Есть текст программы, и нужно переделать чтоб исходные данные брались не с файла, а пользователь сам вводил с клавиатуры!!
C++:
#include <iostream.h>
#include <fstream.h>
#include<conio.h>
main(int argc, char *argv[]) {
//definition of the variables.
int mtx1[20][20], mtx2[20][20], mtx3[20][20], mtx4[20][20];
int n, i, j, k;
int nlink=2, max=9999;
//exit if the number of arguments is not 1.
if(argc != 2) {
cerr << "Usage: shimbel <filename>\n";
return 1;
}
//open the input file. exit if an error occurs.
ifstream fin(argv[1]);
if(!fin) {
cerr << "Can't open file!\n";
return 1;
}
//read the input file.
fin >> n; //read the number of rows and columns.
for(j=1; j<=n; j++) {
for(i=1; i<=n; i++) {
fin >> mtx1[i][j]; //read the elements of the matrix.
}
}
fin.close(); //close the file.
for(j=1; j<=n; j++) {
for(i=1; i<=n; i++) {
mtx2[i][j] = mtx1[i][j]; //copy elements of mtx1 into mtx2.
}
}
for(j=1; j<=n; j++) {
for(i=1; i<=n; i++) {
mtx4[i][j] = 9999; //set elements of mtx4 as 9999.
}
}
for(j=1; j<=n; j++) {
for(i=1; i<=n; i++) {
if(i == j) {
mtx4[i][j] = 0; //put 0 in the diagonal elements.

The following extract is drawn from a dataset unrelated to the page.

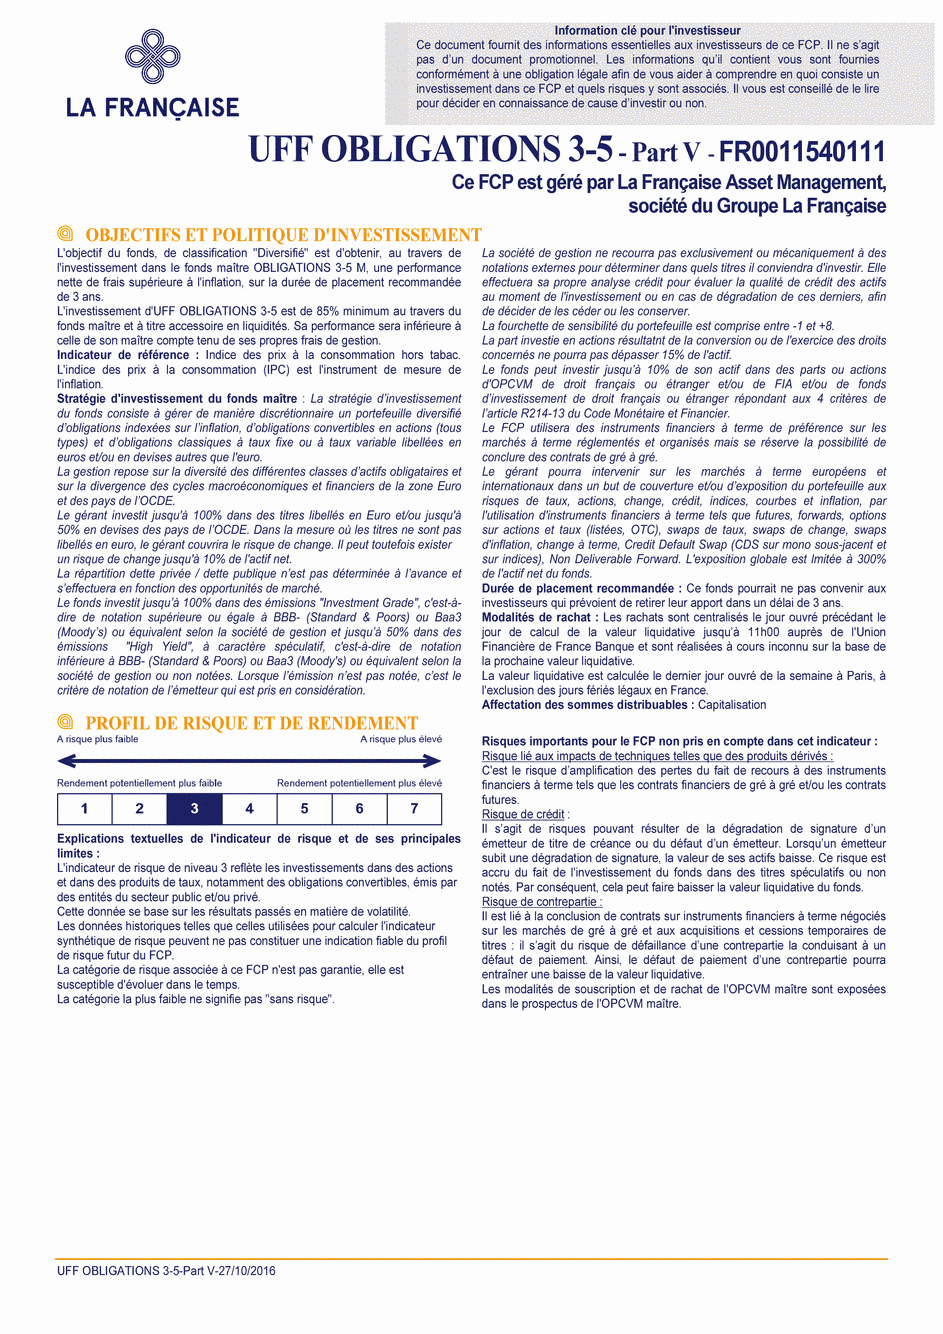 DICI UFF Obligations 3-5 (Part V) - 27/10/2016 - Français

} else if(mtx1[i][j] == 1) {
mtx4[i][j] = 1; //put 1 if a linkage exists between the nodal pair.
}
}
}
nlink = 2; //start with 2 step path.
while(1) { //endless loop
for(j=1; j<=n; j++) {
for(i=1; i<=n; i++) {
mtx3[i][j] = 0; //set elements of mtx3 as 0.
}
}
for(j=1; j<=n; j++) {
for(i=1; i<=n; i++) {
for(k=1; k<=n; k++) {
mtx3[i][j] += mtx2[i][k] * mtx1[k][j]; //multiply the matrices.
}
if (mtx3[i][j] != 0){
if(mtx4[i][j] > nlink) {
mtx4[i][j] = nlink; //put the step number in the nodal pair when it becomes non-zero firstly.
}
}
}
}
//get the maximum element of mtx4.
max = 0;
for(j=1; j<=n; j++) {
for(i=1; i<=n; i++) {
if(mtx4[i][j] > max) {
max = mtx4[i][j];
}
}
}
if(max < 9999) break; //if the maximun is not 9999, exit the loop.
for(j=1; j<=n; j++) {
for(i=1; i<=n; i++) {
mtx2[i][j] = mtx3[i][j]; //copy elements of mtx3 into mtx2.
}
}
nlink++; //increment nlink.
} //end of the loop.
//output the results.
cout << n << "\n"; //number of rows and columuns
for(j=1; j<=n; j++) {
for(i=1; i<=n; i++) {
cout << mtx4[i][j]; //elements of the matrix
if(i < n) {
cout << "\t";
}
}
cout << "\n";
}
return 0;
} //end of the program.